I have in the past but i have too neglected this over the last year or so. I was actually just thinking about this last night while reading Jonah.


----------



## Rich Koster (Jul 1, 2009)

I do not totally fast in the manner that is described in Esther. However, I do engage in periodic abstinence of certain foods, drink or avoid entertainment.


----------



## ReformedChapin (Jul 1, 2009)

I don't really understand the contemporary application of fasting therefore I have neglected it. I have participate before when I was part of my old charismatic church but they seem to try to copy the early church which as we all know isn't always a good thing.


----------



## wturri78 (Jul 1, 2009)

It looks like fasting isn't a huge part of the lives of at least 33 people on this discussion board 

The matter of abstaining from certain forms of drink, dress, entertainment, etc. I would not consider "fasting" unless they were given up for set periods of time with some desired outcomes. For example, not eating meat or some other desired food for some period, for the sake of strengthening oneself against temptation, etc. would be a fast--there is nothing inherently sinful in eating that food. Abstaining from behaviors that are inherently sinful, or could easily lead down the path of sin, isn't so much _fasting_ as changing your lifestyle. At least that's how I'd look at it. 

Rote fasting seems legalistic to me and probably most here. For example, not eating meat on Fridays or being allowed to have oil but not wine (EO tradition) on certain days--well, I know plenty who may observe them strictly but don't seem to have any idea of why they're doing it. I know Catholics who breeze through Lent because they're vegetarians anyway 

The prophets fasted--the kings fasted--the disciples fasted--Jesus fasted--pretty much everyone who came afterward fasted--so I'm thinking there must be something to this?


----------



## AThornquist (Jul 1, 2009)

I'm a cessationist so I don't think that fasting... (just kidding--would be a fun discussion if I went with it, though!) I'm trying to "get into" fasting but as of right now it has only been every once in a random great while.


----------



## WaywardNowHome (Jul 1, 2009)

I fasted once in my life and it was prior to my conversion. As preparation for a short-term mission trip years ago, it was recommended that I give up all food and fast for 24 hours but I wasn't really sure why. I didn't spend any of that time meditating, thinking about God and His grace, praying, etc. I just endured for 24 hours and then feasted when midnight struck.

Now that I have a better understanding of _why_ we should fast, I may do it sometime in the near future. 

But it's really hard to let go of food...


----------



## VilnaGaon (Jul 1, 2009)

I used to fast when I was a member of a Pentecostal Church years ago. The Minister of that church who was a godly man fervently believed in fasting as a means to aid in the Mortification of the flesh. Since I joined the Reformed Church, sadly I have not fasted. Richard Baxter in his ""Christian Directory""(which all christians should read) recommended Fasting, especially to break the hold of Lusts. For guys like me who do physical work for a living, Fasting ain't easy.


----------



## jawyman (Jul 2, 2009)

In all honesty I have only tried fasting one time and it was a juice fast. I believe for myself fasting would be a very good spiritual discipline to develop. I have been researching biblical fasting as well as extra-biblical sources on fasting. 

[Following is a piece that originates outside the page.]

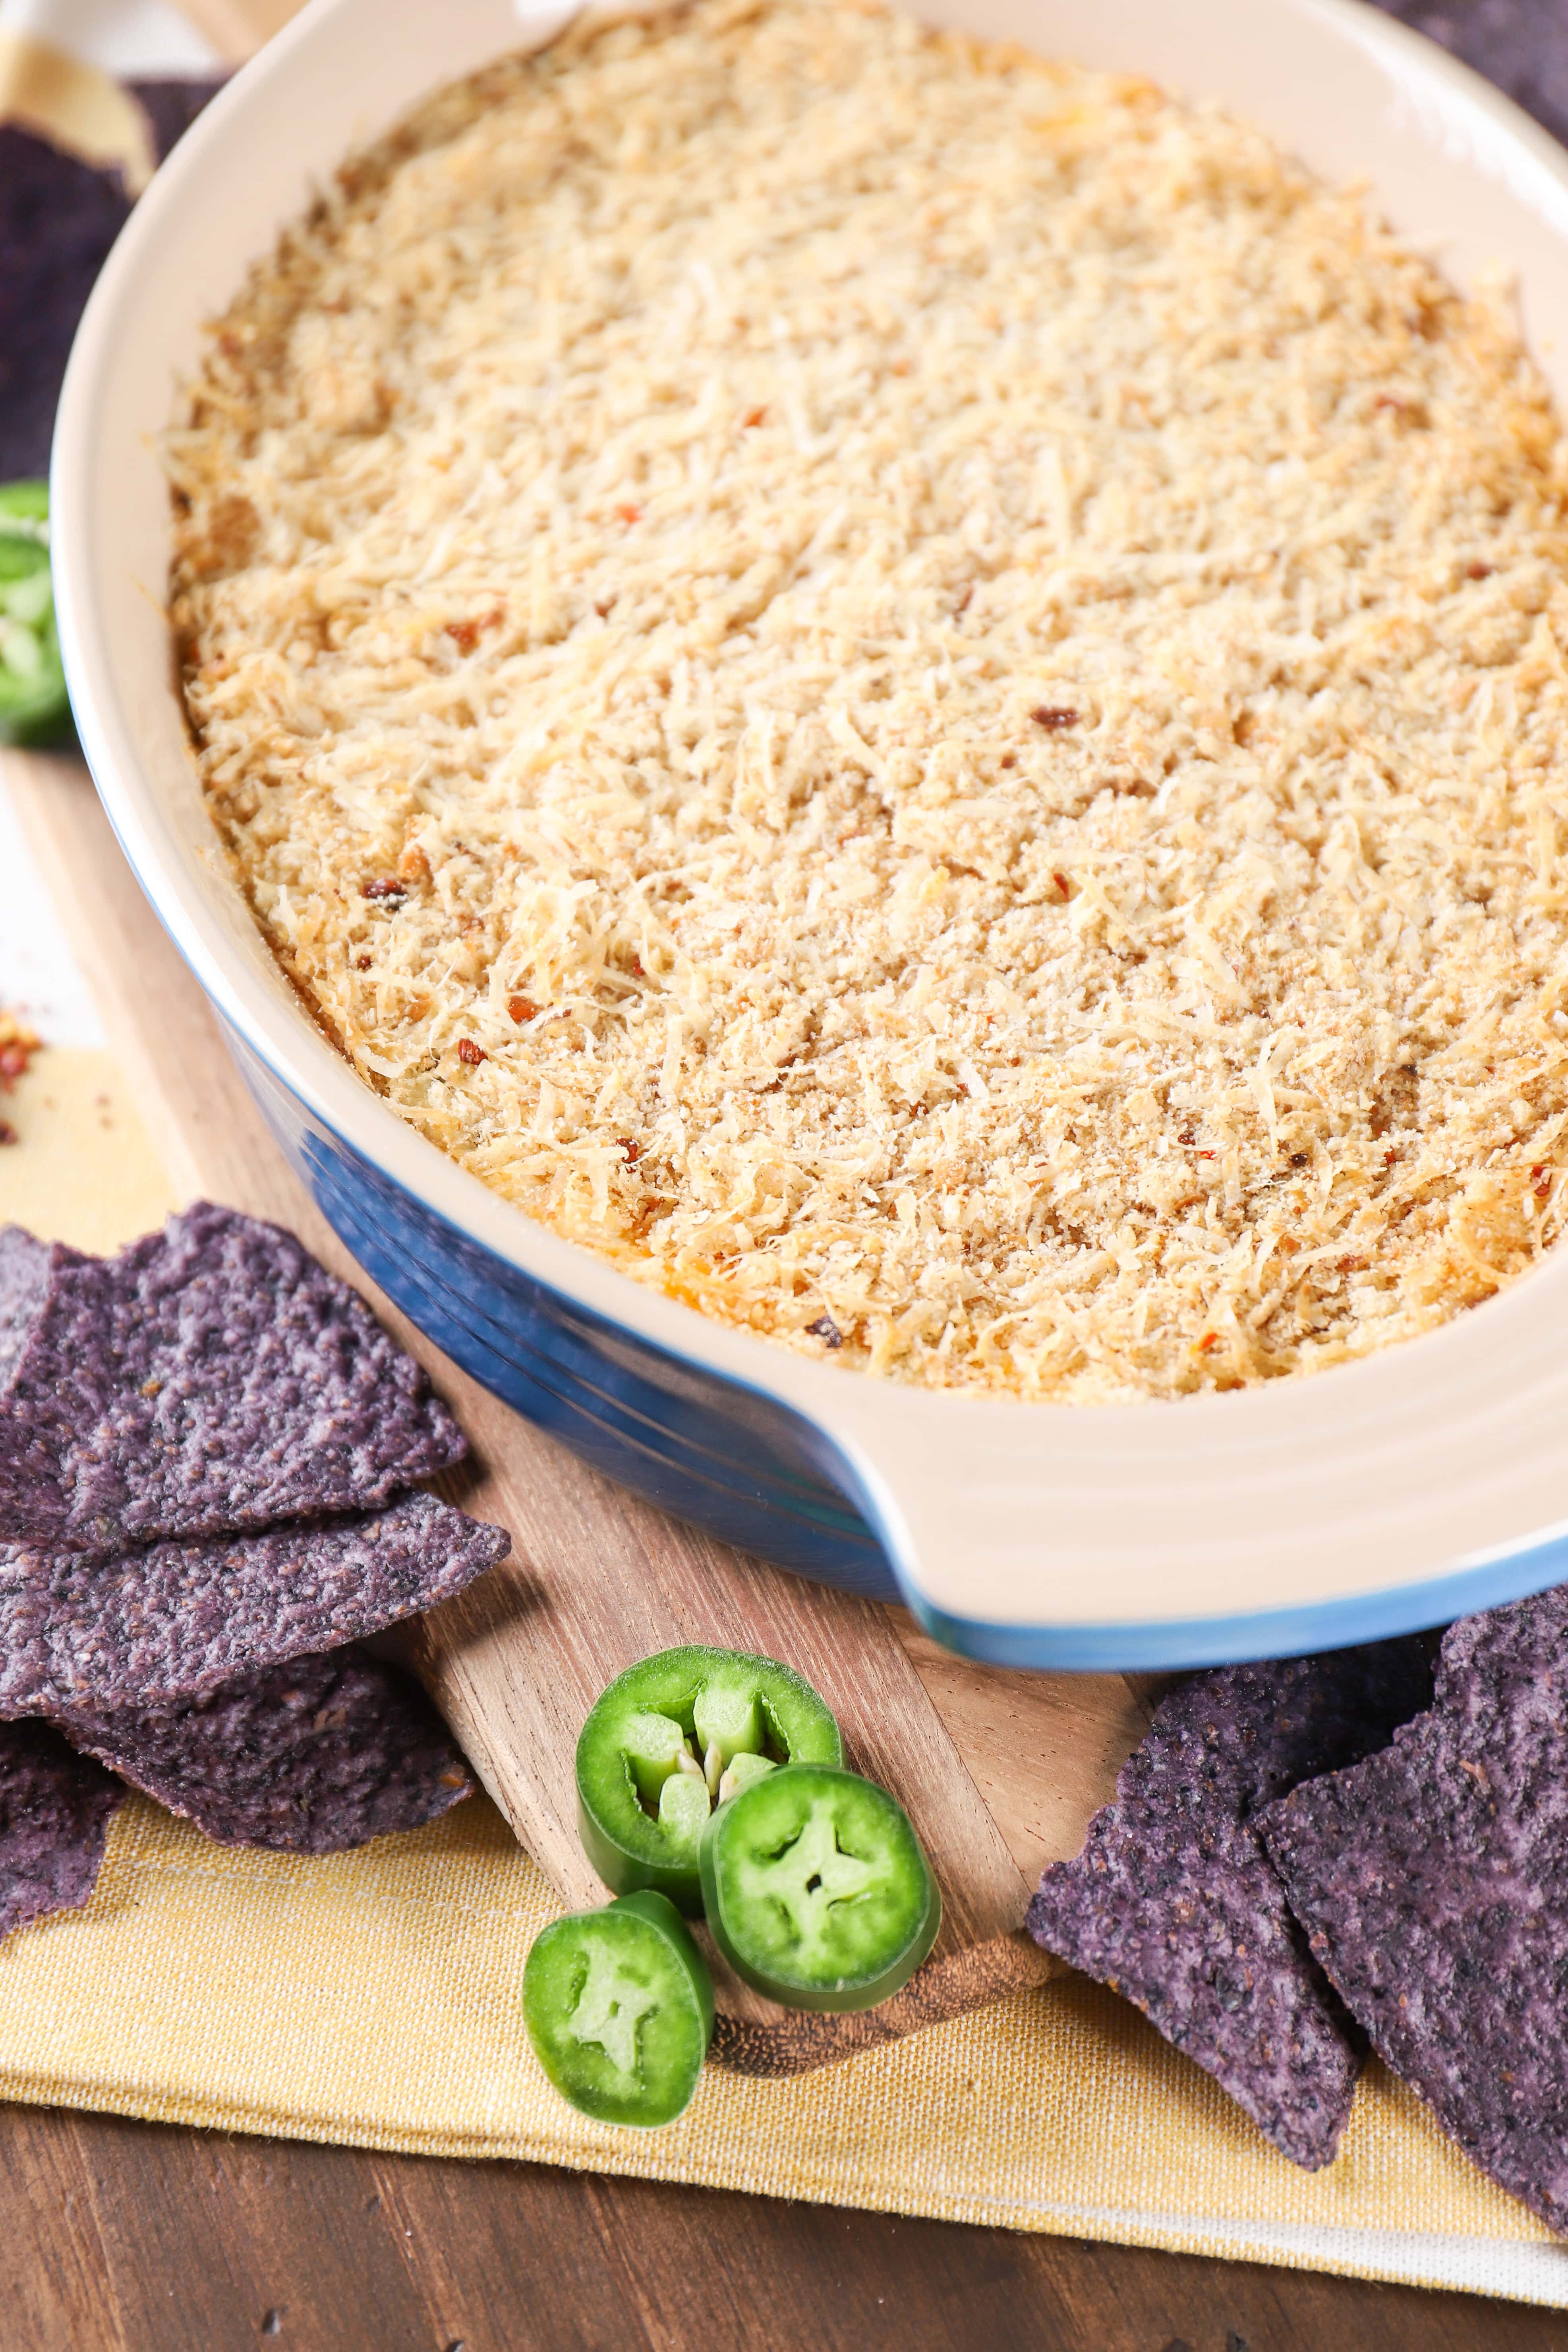 Jalapeno Popper Dip Recipe from A Kitchen Addiction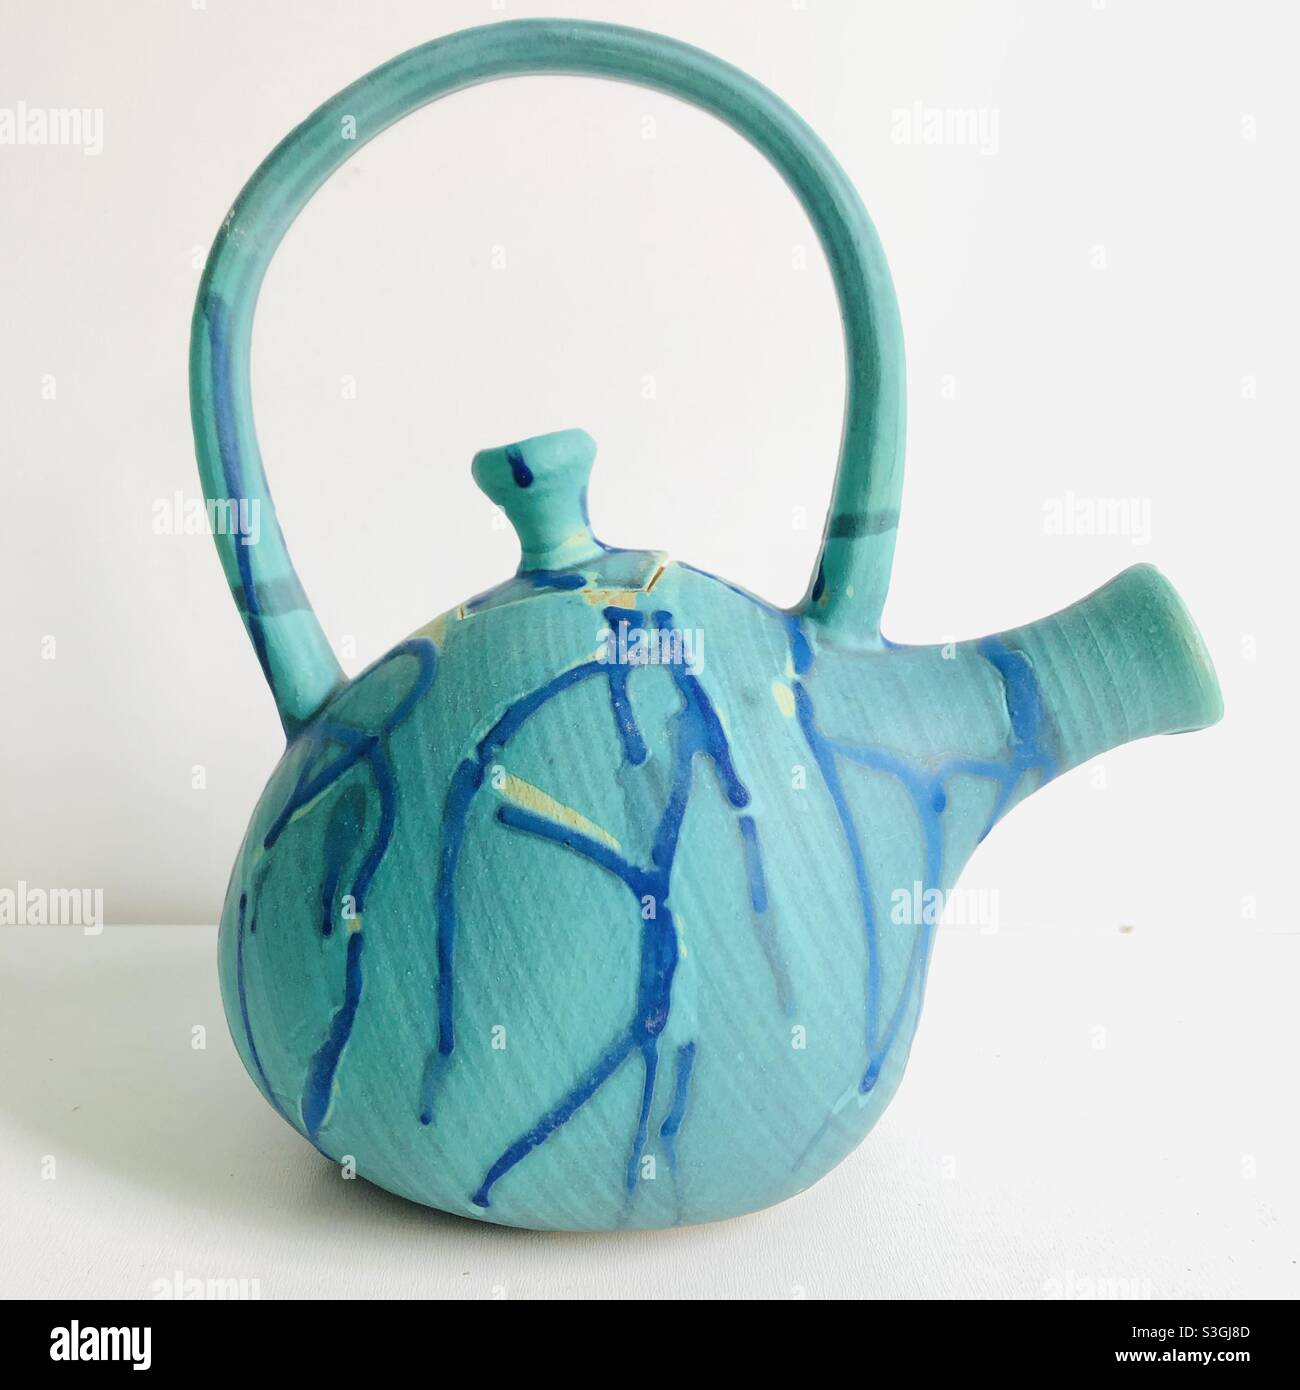 Handmade teapot made of turquoise teal and blue clay ready for getting together Stock Photo

I pray that I will have the strength and discipline to fast on a regular basis. I personally feel that fasting aids in our humiliation as we approach the Lord in supplication. We also need to rely more on the Lord during a fast as we turn to be feed on the Word of God and let go of our earthly concerns.

This is just my opinion.


----------



## dr_parsley (Jul 2, 2009)

Fasting goes with a special time of prayer (which may be more or less frequently depending upon your other commitments and lifestyle) and it's primary use is an aid to mortification, to waiting on God and being attentive to him. “By fasting, the body learns to obey the soul; by praying, the soul learns to command the body.” William Secker. I find I fast sometimes not at all for years and then I fast one day a week for a while, and then occasionally a longer one. It's very easy to do it with the wrong focus, for health or pride.


----------